Archival Material/Manuscript

Publication Date

4-2004

Abstract

A close reading of the ASEAN’s Treaty of Amity and Cooperation, compared with the UN’s section on Pacific Settlement of Disputes highlights how ASEAN document pointedly leaves out arbitration. It is clear that there is a regional preference for good offices and negotiation, more than arbitration, because the latter is a high-risk, and zero-sum solution. Despite the regional preference for negotiations, Malaysia, Indonesia, and Singapore brought their long standing disputes before the ICJ. The ICJ decision on Ligitan and Sipadan was received gracefully by Indonesia, and led to the speeding up of the agreement between Malaysia and Singapore to bring their dispute before the World Court. The ASEAN, as well as neighboring countries, has been quiet in relation to this development. While there is general agreement that ICJ arbitration is a positive development, the lack of a regional alternative or weakness of existing mechanisms is highlighted.

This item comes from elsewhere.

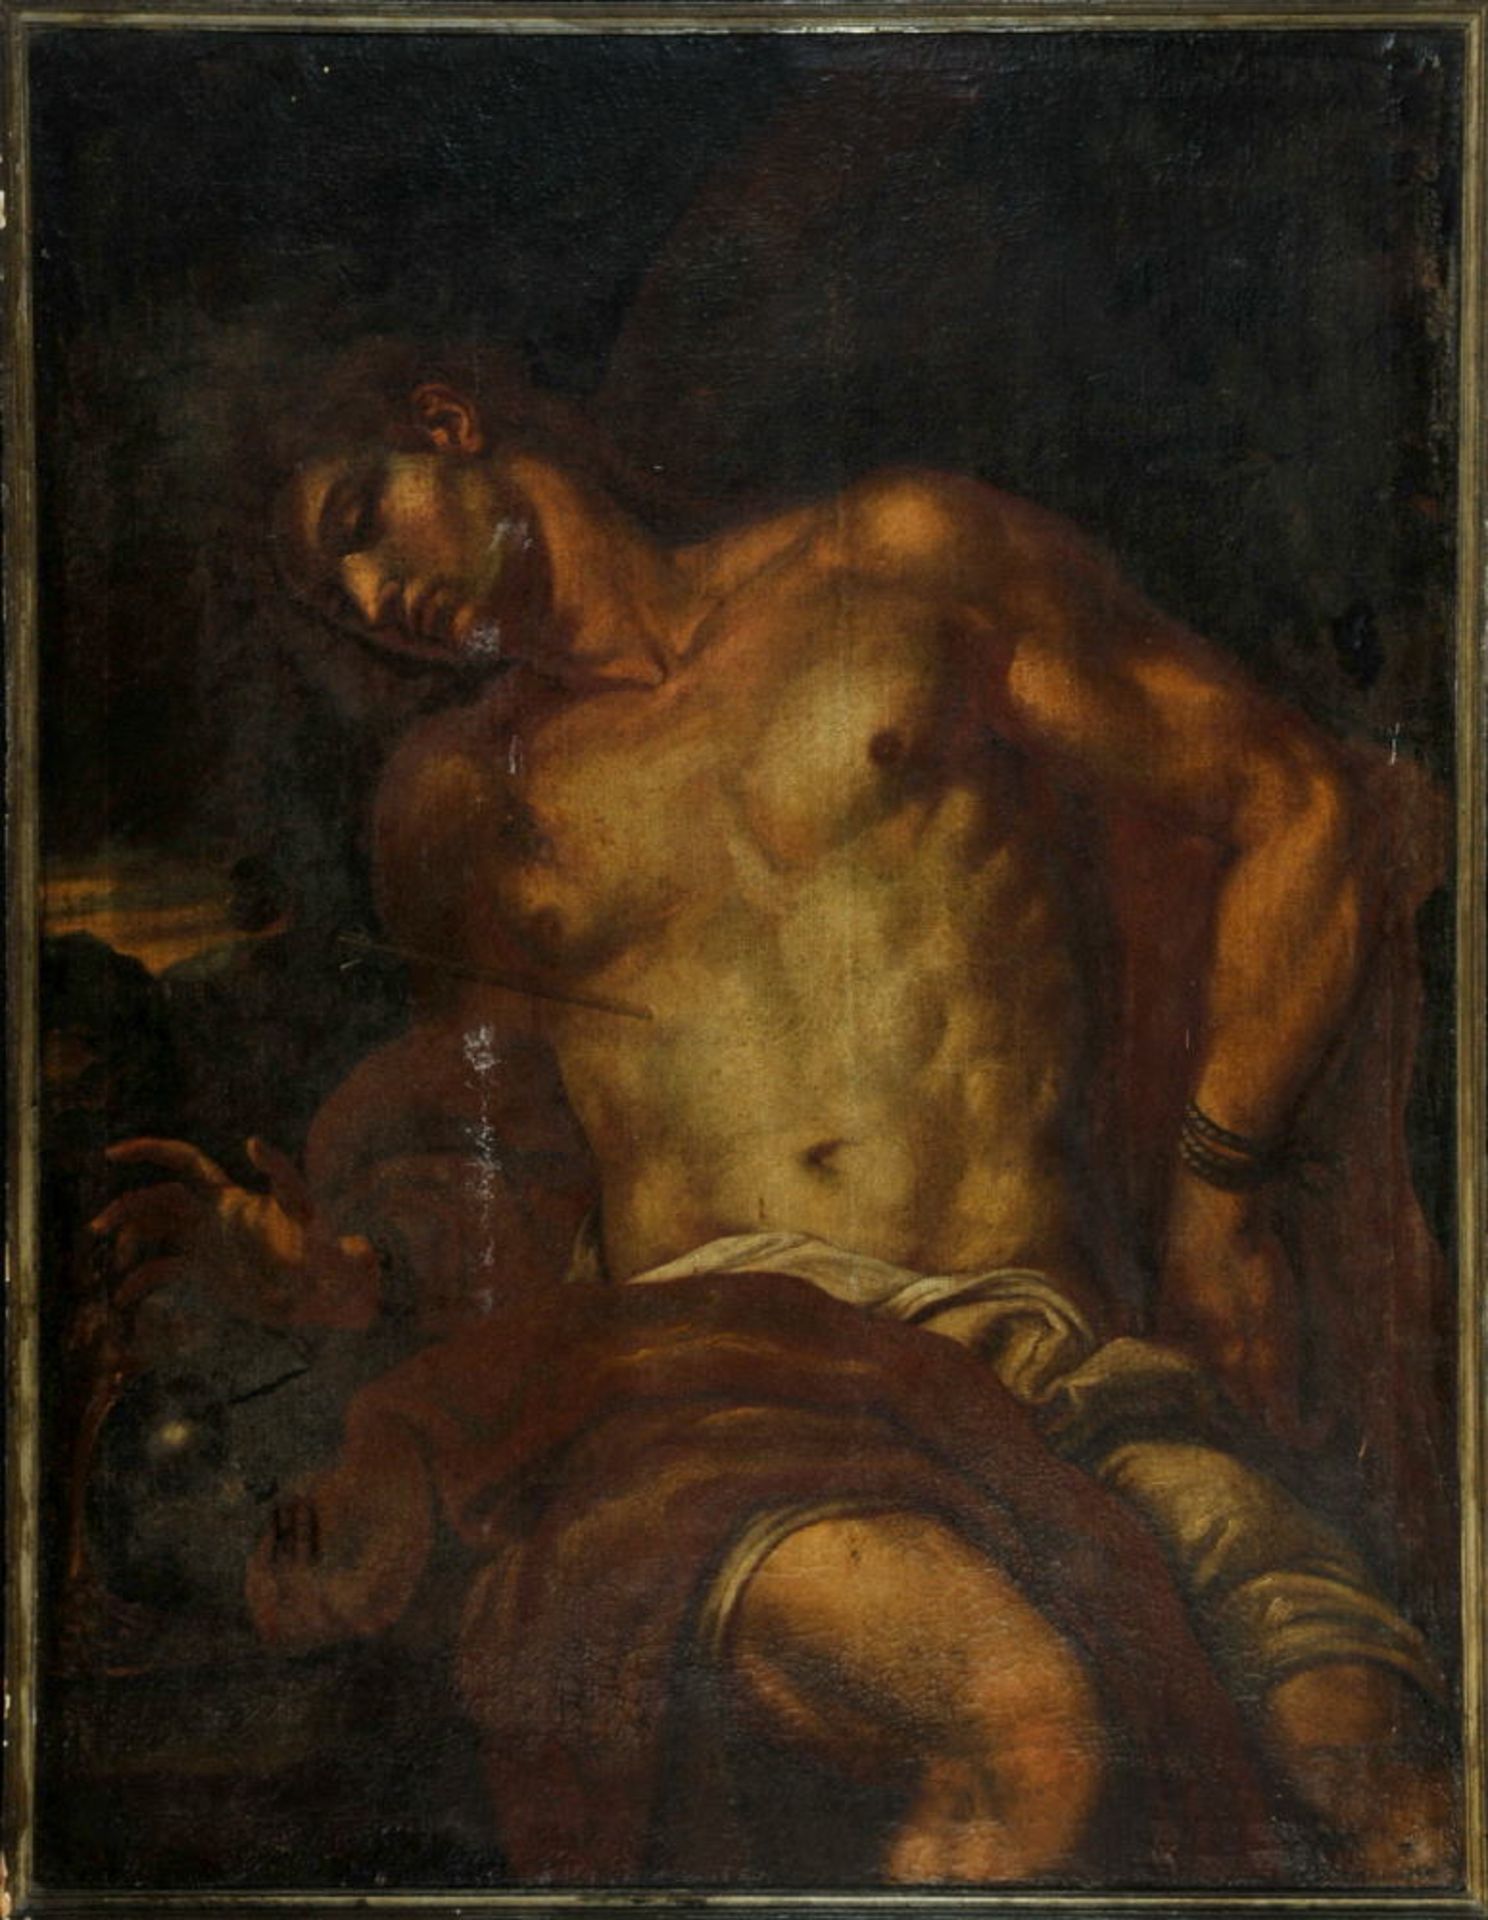 Bildnismaler des 17. Jh. , ItalienÖl/Lwd, 124 x 97 cm, " Hl. Sebastian ", kleinere Einrisse,

This paper argues that while bringing territorial disputes to the ICJ may seem to signal a departure from time-honored practices generally referred to as the “ASEAN way”, and subsequently may seem to by-pass existing regional mechanism for settling disputes, ICJ arbitration of territorial disputes serves to complement, rather than undermine existing regional mechanisms for Pacific settlements of disputes. ICJ arbitration can be seen as a departure from, but logical development of the “ASEAN way.”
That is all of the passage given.